[Source material]
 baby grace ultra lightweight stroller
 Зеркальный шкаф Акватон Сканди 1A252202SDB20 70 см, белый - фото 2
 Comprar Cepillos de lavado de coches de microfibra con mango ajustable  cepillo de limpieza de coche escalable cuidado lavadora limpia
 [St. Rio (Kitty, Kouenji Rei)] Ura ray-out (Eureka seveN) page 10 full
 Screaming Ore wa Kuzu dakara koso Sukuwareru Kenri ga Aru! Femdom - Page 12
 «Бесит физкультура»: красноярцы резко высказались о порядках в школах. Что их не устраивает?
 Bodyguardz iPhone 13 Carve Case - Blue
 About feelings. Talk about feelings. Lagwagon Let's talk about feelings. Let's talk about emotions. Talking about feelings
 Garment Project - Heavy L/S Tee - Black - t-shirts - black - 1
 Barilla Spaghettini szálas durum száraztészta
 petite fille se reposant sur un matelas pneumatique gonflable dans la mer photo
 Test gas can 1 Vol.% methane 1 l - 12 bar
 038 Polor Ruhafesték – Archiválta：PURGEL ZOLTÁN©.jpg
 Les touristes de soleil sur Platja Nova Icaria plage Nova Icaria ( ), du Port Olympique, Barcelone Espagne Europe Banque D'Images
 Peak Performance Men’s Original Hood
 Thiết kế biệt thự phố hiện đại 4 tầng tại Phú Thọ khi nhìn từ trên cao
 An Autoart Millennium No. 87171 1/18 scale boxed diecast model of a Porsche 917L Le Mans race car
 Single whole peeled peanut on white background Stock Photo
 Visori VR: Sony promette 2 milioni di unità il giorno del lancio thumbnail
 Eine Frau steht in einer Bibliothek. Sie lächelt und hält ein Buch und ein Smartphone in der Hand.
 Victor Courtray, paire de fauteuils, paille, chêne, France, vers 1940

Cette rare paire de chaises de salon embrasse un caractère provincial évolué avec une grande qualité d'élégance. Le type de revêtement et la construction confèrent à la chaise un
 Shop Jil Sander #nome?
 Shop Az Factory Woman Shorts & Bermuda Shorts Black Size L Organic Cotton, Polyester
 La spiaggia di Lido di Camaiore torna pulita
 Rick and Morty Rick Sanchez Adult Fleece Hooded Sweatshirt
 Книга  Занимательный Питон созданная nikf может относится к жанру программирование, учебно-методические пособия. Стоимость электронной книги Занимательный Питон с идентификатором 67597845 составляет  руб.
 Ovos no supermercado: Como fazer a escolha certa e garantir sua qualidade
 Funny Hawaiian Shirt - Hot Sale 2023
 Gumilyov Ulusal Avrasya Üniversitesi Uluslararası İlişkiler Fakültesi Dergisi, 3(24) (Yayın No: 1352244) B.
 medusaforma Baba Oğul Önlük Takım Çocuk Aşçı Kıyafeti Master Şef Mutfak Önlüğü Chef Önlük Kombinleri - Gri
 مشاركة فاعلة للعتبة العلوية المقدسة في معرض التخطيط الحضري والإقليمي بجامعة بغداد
[/Source material]
*Exercise:* Reproduce the data. Match each line exactly.

*Finished task:*
 baby grace ultra lightweight stroller
 Зеркальный шкаф Акватон Сканди 1A252202SDB20 70 см, белый - фото 2
 Comprar Cepillos de lavado de coches de microfibra con mango ajustable  cepillo de limpieza de coche escalable cuidado lavadora limpia
 [St. Rio (Kitty, Kouenji Rei)] Ura ray-out (Eureka seveN) page 10 full
 Screaming Ore wa Kuzu dakara koso Sukuwareru Kenri ga Aru! Femdom - Page 12
 «Бесит физкультура»: красноярцы резко высказались о порядках в школах. Что их не устраивает?
 Bodyguardz iPhone 13 Carve Case - Blue
 About feelings. Talk about feelings. Lagwagon Let's talk about feelings. Let's talk about emotions. Talking about feelings
 Garment Project - Heavy L/S Tee - Black - t-shirts - black - 1
 Barilla Spaghettini szálas durum száraztészta
 petite fille se reposant sur un matelas pneumatique gonflable dans la mer photo
 Test gas can 1 Vol.% methane 1 l - 12 bar
 038 Polor Ruhafesték – Archiválta：PURGEL ZOLTÁN©.jpg
 Les touristes de soleil sur Platja Nova Icaria plage Nova Icaria ( ), du Port Olympique, Barcelone Espagne Europe Banque D'Images
 Peak Performance Men’s Original Hood
 Thiết kế biệt thự phố hiện đại 4 tầng tại Phú Thọ khi nhìn từ trên cao
 An Autoart Millennium No. 87171 1/18 scale boxed diecast model of a Porsche 917L Le Mans race car
 Single whole peeled peanut on white background Stock Photo
 Visori VR: Sony promette 2 milioni di unità il giorno del lancio thumbnail
 Eine Frau steht in einer Bibliothek. Sie lächelt und hält ein Buch und ein Smartphone in der Hand.
 Victor Courtray, paire de fauteuils, paille, chêne, France, vers 1940

Cette rare paire de chaises de salon embrasse un caractère provincial évolué avec une grande qualité d'élégance. Le type de revêtement et la construction confèrent à la chaise un
 Shop Jil Sander #nome?
 Shop Az Factory Woman Shorts & Bermuda Shorts Black Size L Organic Cotton, Polyester
 La spiaggia di Lido di Camaiore torna pulita
 Rick and Morty Rick Sanchez Adult Fleece Hooded Sweatshirt
 Книга  Занимательный Питон созданная nikf может относится к жанру программирование, учебно-методические пособия. Стоимость электронной книги Занимательный Питон с идентификатором 67597845 составляет  руб.
 Ovos no supermercado: Como fazer a escolha certa e garantir sua qualidade
 Funny Hawaiian Shirt - Hot Sale 2023
 Gumilyov Ulusal Avrasya Üniversitesi Uluslararası İlişkiler Fakültesi Dergisi, 3(24) (Yayın No: 1352244) B.
 medusaforma Baba Oğul Önlük Takım Çocuk Aşçı Kıyafeti Master Şef Mutfak Önlüğü Chef Önlük Kombinleri - Gri
 مشاركة فاعلة للعتبة العلوية المقدسة في معرض التخطيط الحضري والإقليمي بجامعة بغداد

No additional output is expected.